Rename DistributedLockBackend to CoordinationBackend: The original name only conveyed lock semantics. Now it also needs to carry KV storage (node connection info). Renaming it to CoordinationBackend more accurately reflects its role as a "distributed coordination backend."

Add Leader Discovery: Introduce SetValue/GetValue methods on CoordinationBackend to store node connection info. Add a GetClusterInfo RPC to Meta Service and enhance GetManagerClusterInfo in Admin, so that clients can query the Leader's ID and 4 connection ports from any node.

Scope of this change: Only Leader info query is implemented; cluster node infos (full node list) is deferred to a future iteration.

Design Decisions

Backend rename: DistributedLockBackend → CoordinationBackend. All implementation classes and files are renamed accordingly; variable names are unified to coordination_backend_. A new config key kvcm.coordination.uri is introduced, while the legacy key kvcm.distributed_lock.uri remains supported for backward compatibility.
Connection info storage: On startup, each node writes an independent KV entry to CoordinationBackend. The value is a JSON object containing the node's host and 4 ports. On query, the corresponding key is read based on leader_node_id.
Key pattern: _TAIR_KVCM_NODE_INFO_{node_id}
Meta RPC naming: GetClusterInfo — conveys the cluster concept and can be extended in the future to return additional cluster information.

Implementation Steps

Part 1: Rename DistributedLockBackend → CoordinationBackend

Part 2: Add Leader Discovery

Add SetValue/GetValue to CoordinationBackend
Implement SetValue/GetValue in the three Coordination backend implementations
Encapsulate NodeInfo read/write in LeaderElector
Write connection info on node startup
Proto definition changes
MetaServiceImpl and AdminServiceImpl changes
Add related tests

Part 3: Implement advertised_host Configuration

Part 4: Add HA Design Documentation

Part 5: Add New Interface Support for GrpcStub

qoderai

👋 Review Summary

The coordination backend refactor and new leader discovery plumbing are well thought through: CoordinationBackend unifies lock + KV semantics, leader endpoint info is propagated out to both meta/admin services, and you’ve added solid tests and docs for the HA flows.

🛡️ Key Risks & Issues

GetClusterInfo currently reports OK even when the leader’s NodeEndpointInfo cannot be read from the coordination backend, leaving leader_endpoint with default values while clients believe the call succeeded.

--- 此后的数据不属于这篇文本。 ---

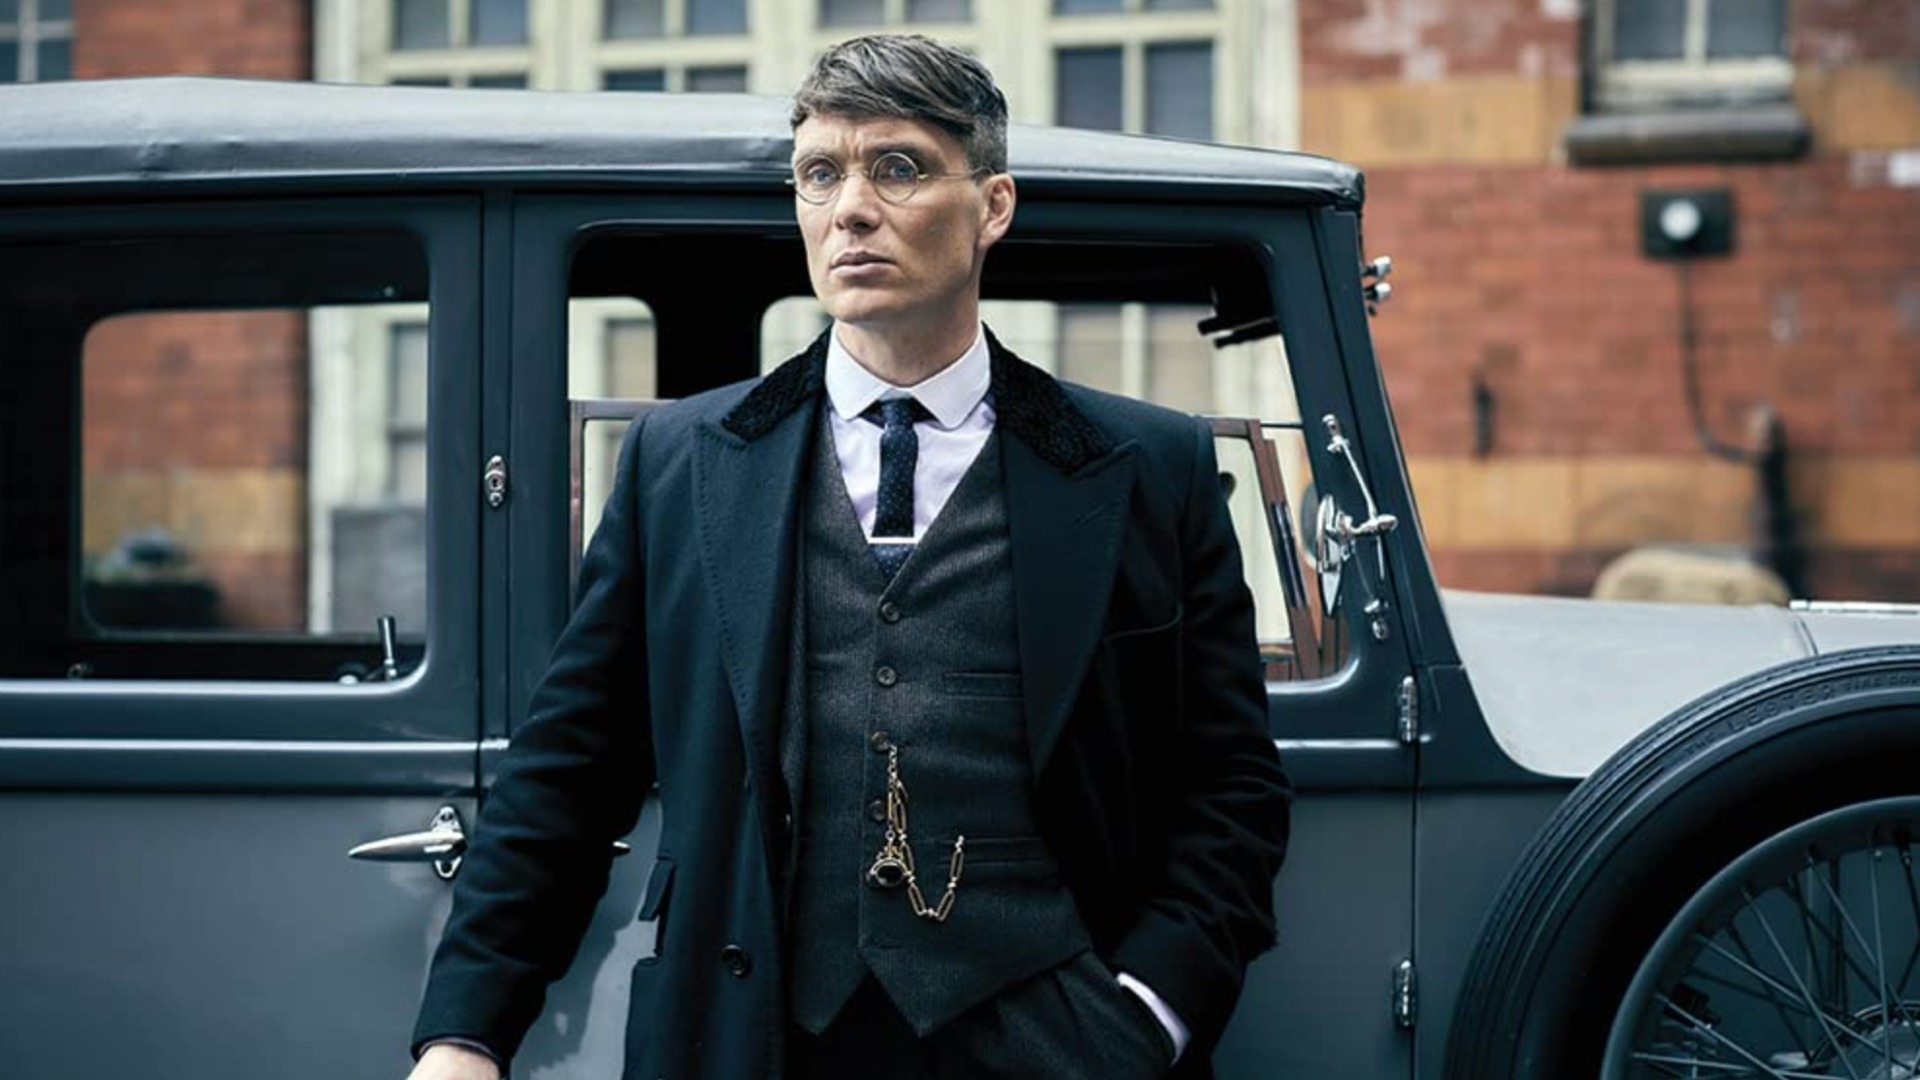 Peaky Blinders movie is ready to go and has a bigger budget: "Cillian Murphy is really up for it"

In error or misconfig scenarios this can surface as confusing connection failures on the client side rather than a clear retriable error indicating that leader metadata is unavailable.
MetaServiceImpl explicitly handles a null leader_elector_ as SERVICE_NOT_READY, while AdminServiceImpl’s HA endpoints assume leader_elector_ is always non-null and dereference it directly. In production this is probably fine because Server::Init wires a leader elector, but it does create a behavioral asymmetry compared with MetaServiceImpl and could surprise non-HA or custom test setups.
The new configuration semantics make kvcm.coordination.uri primary and fall back to an in-memory backend when empty. This is convenient for single-node setups but makes it easier to accidentally run multiple nodes against independent in-memory coordination rather than a shared backend if operators forget to configure a URI.

🧪 Verification Advice

In addition to the existing integration tests, I’d recommend adding a targeted case where node endpoint info for the leader is missing or corrupt in CoordinationBackend, and asserting the behavior of both GetClusterInfo and GetManagerClusterInfo (status code and presence/shape of leader_endpoint) so clients can rely on a clear contract in this situation.
If you plan to rely on the NetUtil::GetLocalIp path in real deployments (without configuring kvcm.service.advertised_host), it’s worth running and/or adding tests on a host with multiple non-loopback interfaces to confirm that the chosen IP is actually reachable from your client networks.

💡 Thoughts & Suggestions

Consider tightening the contract around leader endpoint availability: either return a non-OK status when leader_node_id is populated but NodeEndpointInfo cannot be read, or clearly document a convention (for example, leader_endpoint.host empty means “endpoint unavailable”) that clients can check and handle explicitly.
For configuration, you might want a small admin or startup check that warns loudly when multiple nodes start with an empty coordination URI but non-default HA settings, to reduce the risk of unintentionally running multiple “single-node” clusters.
Overall, the direction of unifying coordination concerns under CoordinationBackend and exposing leader discovery via well-typed protobufs and client structs looks good and should make HA behavior easier to reason about going forward.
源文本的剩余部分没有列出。